ABOVE: CDC

Until this week, healthcare providers in the US who suspected a patient might have the new coronavirus 2019-nCoV needed to send samples to the Centers for Disease Control and Prevention for testing. But on Tuesday (February 4), the US Food and Drug Administration (FDA) issued an emergency use declaration that allows the newly developed test to be distributed as a kit to any CDC-qualified laboratory.

“This continues to be an evolving situation and the ability to distribute this diagnostic test to qualified labs is a critical step forward in protecting the public health,” says FDA Commissioner Stephen Hahn in the agency’s announcement.

As of today, 2019-nCoV has killed 565 people and sickened more than 28,000. Since an epidemic of the virus began in Wuhan, China, in December, researchers in China and elsewhere have raced to sequence and analyze its genome, devise tests for it, and develop vaccines...
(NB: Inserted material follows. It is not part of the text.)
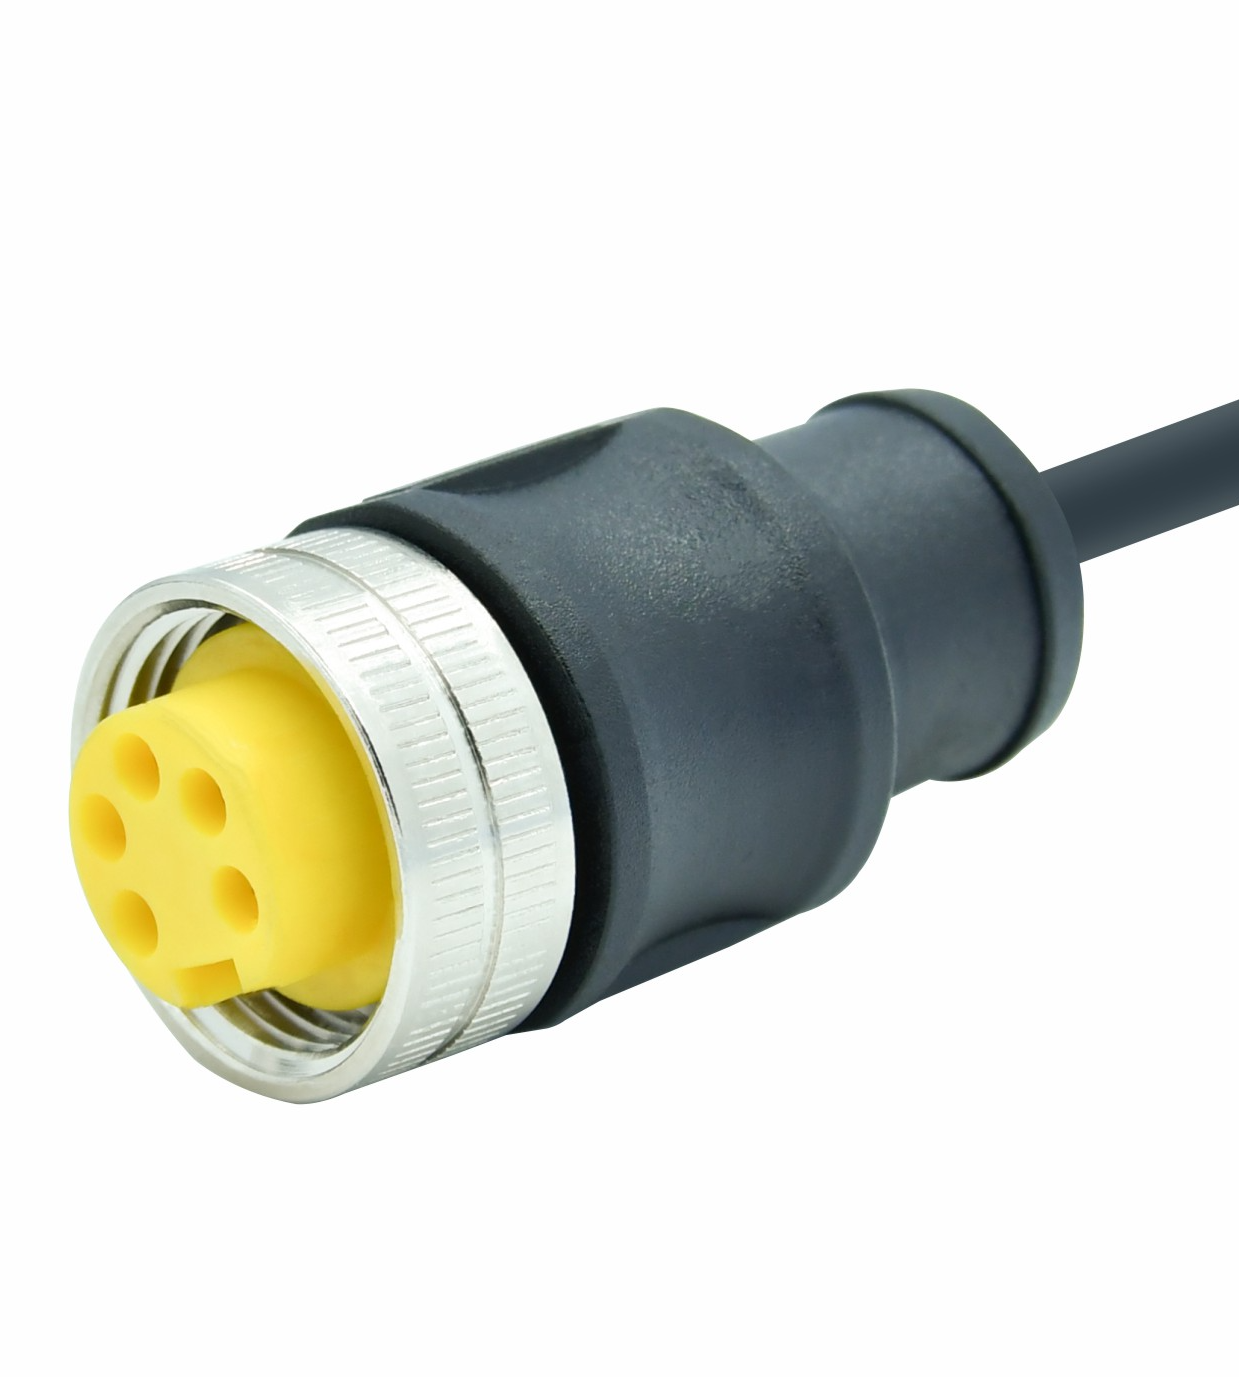 Rigoal: Your Reliable Source for High-Quality Circular Connectors

Wired notes that the test for 2019-nCoV was approved for emergency use much more quickly than assays for other epidemic illnesses of the past decade, such as an Ebola test in 2014, which was rolled out about seven months after an outbreak in western Africa began. “Outbreaks have become the new norm,” Catharina Boehme, chief executive of the Geneva-based nonprofit Foundation for Innovative New Diagnostics, tells the magazine. She adds that as a result, health organizations and governments have laid the groundwork for sharing viral samples early on in outbreaks: “There’s been a real cultural shift in how we deal with outbreaks toward more transparency and sharing.”

Meanwhile, despite the quick construction of new hospitals in Wuhan for people with the virus, the city still lacks the beds needed to care for all of those infected, Caixin reports. According to The New York Timesofficials in the city have nevertheless been ordered to round up infected people and quarantine or hospitalize them.